La plupart des locuteurs auraient tendance à considérer le deuxième exemple comme une phrase, mais
non pas le premier. C'est que la notion de phrase implique un niveau minimal de structure. Les éléments
sont reliés de façon régulière. Cette régularité se manifeste à deux niveaux: la forme et le sens.
Du point de vue formel, on constate que, contrairement à l'exemple (1) l'exemple (2) comprend
un ordre (on dit cette petite fille mais non pas petite cette fille), et une série de dépendances (le choix
d'un nom féminin implique le choix d'un adjectif féminin, qui se termine par -e, et le choix d'un nom
singulier implique le choix d'un verbe singulier).
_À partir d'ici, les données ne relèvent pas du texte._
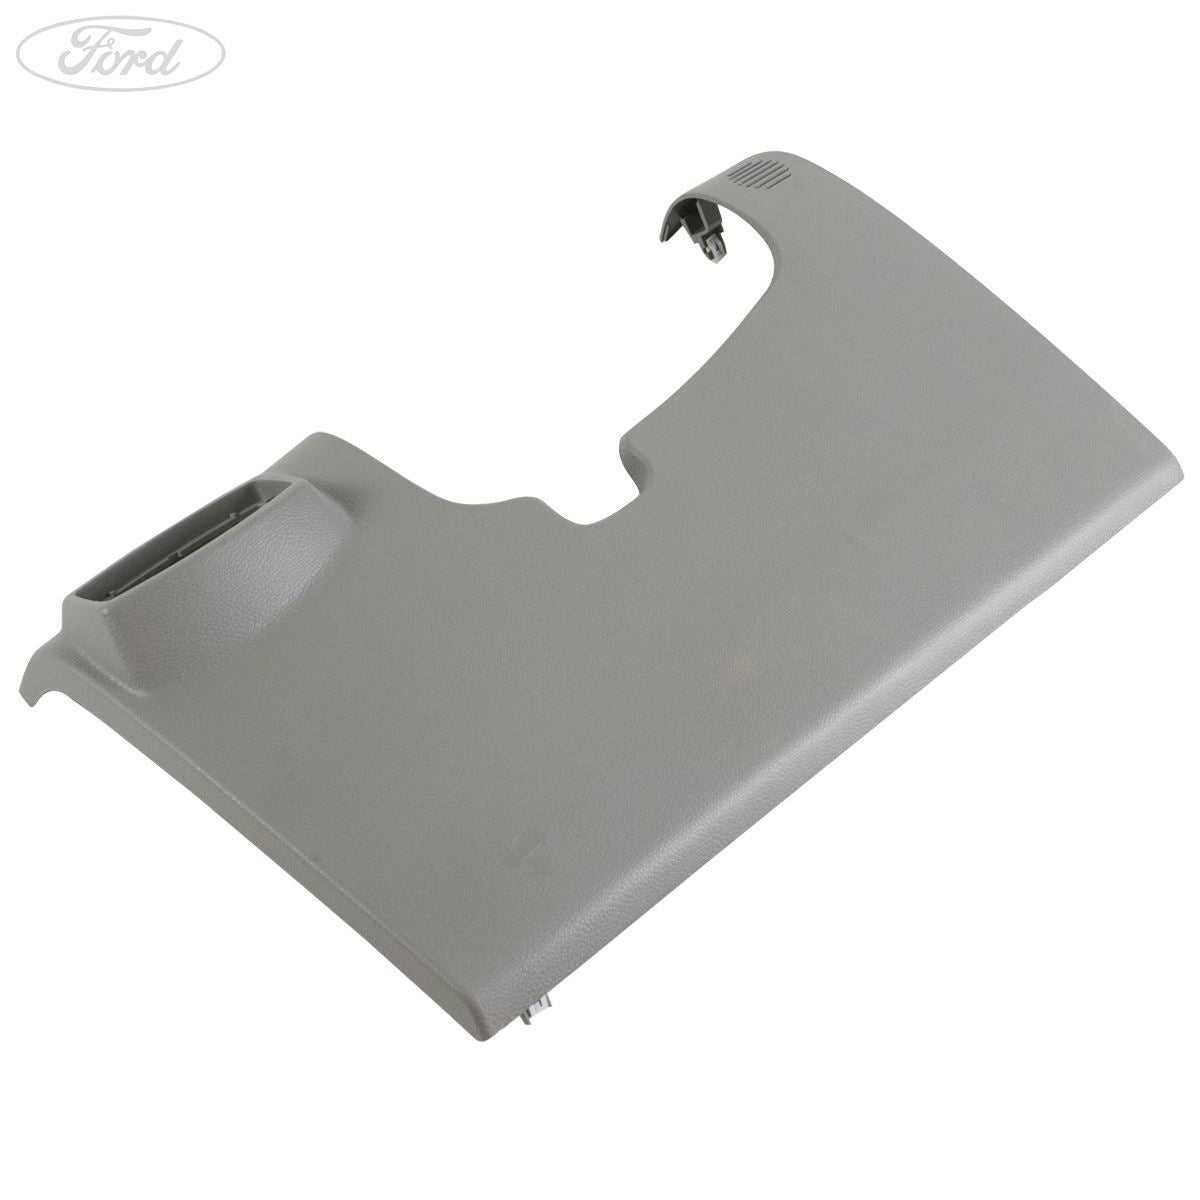 Ford, STEERING COLUMN OPENING COVER

Du point de vue sémantique, on remarque que la phrase se caractérise par le fait de porter un contenu qui
représente en quelque sorte la composition de ses composantes. Ainsi, cette petite fille permet d'indiquer
l'existence d'une fille en particulier ( cette), le fait que cette fille n'est pas grande ( petite) et le fait qu'il
s'agit d'une fille.
Ces deux niveaux de structure supposent une connaissance de la langue. Si on ne parle pas français, on
ne peut pas savoir que (2) est une phrase mais que (1) n'en est pas une. Les suites de mots que nous
entendons et que nous lisons à tous les jours sont classées comme des phrases ou non selon ces
connaissances.
Dans ce qui suit, nous ferons une distinction entre phrase, une entité abstraite qui suppose la
connaissance de la langue, et énoncé, une production physique séparée par deux périodes de silence
(dans la langue parlée) ou par des blancs (dans la langue écrite). Les énoncés existent au niveau de la
parole, mais les phrases sont des entités de la langue.
Début.
Données
Si on veut étudier les phrases, il faut donc partir d'énoncés, les seules données immédiatement
disponibles. Mais où trouve-t-on des énoncés? En syntaxe, comme ailleurs en linguistique, on utilise en
général trois méthodes distinctes: l'observation, y compris l'étude des corpus, l'intuition et
l'élicitation. En principe, il faut contrôler chacune des sources en faisant appel aux autres.
Entre autres choses, on se sert de l'intuition et de l'élicitation pour vérifier l'acceptabilité. Ainsi, la
plupart des locuteurs francophones seraient d'accord pour trouver acceptable le premier énoncé suivant
et pour rejeter le deuxième. (Notez l'emploi de l'astérisque pour montrer un énoncé inacceptable.)
1. Les enfants jouent dans le jardin.
2. *Les enfants joue dans la jardin.
Un jugement d'acceptabilité ou d'inacceptabilité est souvent intuitif et ne repose pas nécessairement sur
la capacité d'identifier ce qui ne va pas. C'est la tâche du linguiste d'identifier ce qui, dans la grammaire,
explique l'inacceptabilité d'un énoncé. En outre, en tant que linguiste, il faut prendre soin de reconnaître
la diversité des jugements: il arrive que certains sujets rejètent des énoncés que d'autres acceptent.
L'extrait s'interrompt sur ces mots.